これらに共通することは、上記『俳句の花図鑑』にあるような、ぎらぎらした濃い紅や紫の「立葵」ではないということです。
夕空に匂ひありけり花木槿 山咲臥竜
拙句にて申し訳ありません。この「木槿」も白です。
白から濃い色まで様々な色の花弁を持つ植物に対し、俳句では基本的に白か淡い色を指すように思います。
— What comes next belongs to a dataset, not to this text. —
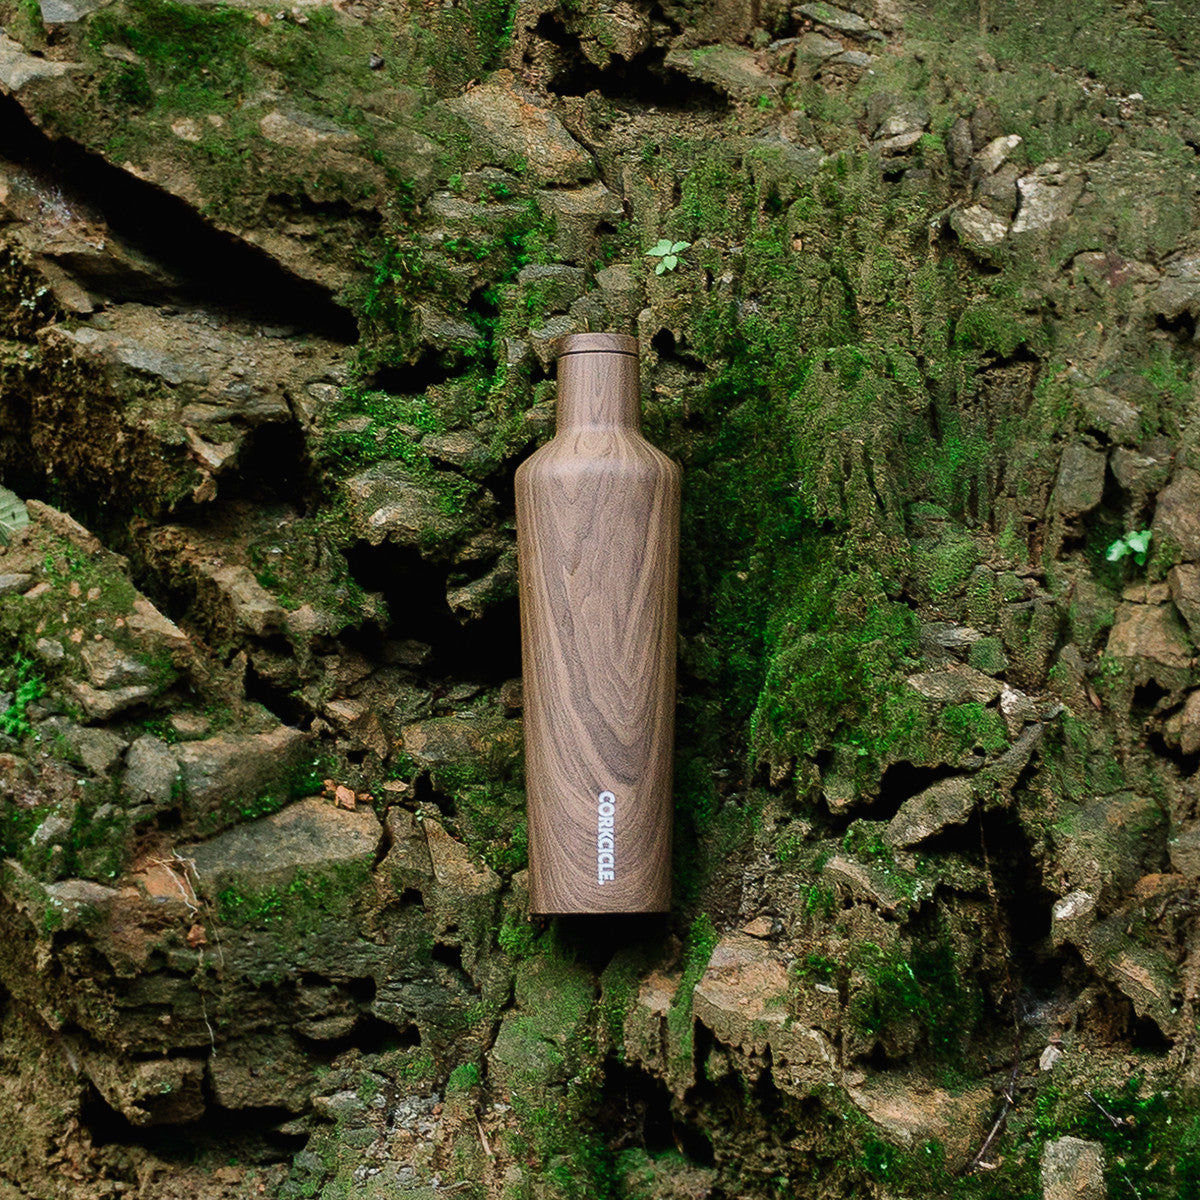 Corkcicle Origins Canteen 475ml - Walnut Wood Insulated Stainless Steel Bottle

こうして見てきますと、冒頭の句「貧乏に匂ひありけり立葵」も少しは理解が深まった気がします。
〈『カルナヴァル』②〉
最初に感じた抵抗感は薄れ、途中から比較的円滑に進み、とりあえず一読しました。
それでもあと二度ほどは読む必要がありそうです。
そのあと私なりに解釈・解析していくつもりです。
新かな・口語が多いので池田澄子氏を思い浮かべましたが、内容むしろは鳥居真里子氏を彷彿とさせました。早速、鳥居氏の句集『月の茗荷』を注文しました。
また句の前後に説明はありませんでしたが、ふと『年を歴た鰐の話』( レオポール・ショヴォ・ 山本 夏彦)を連想し、中古品を注文しました。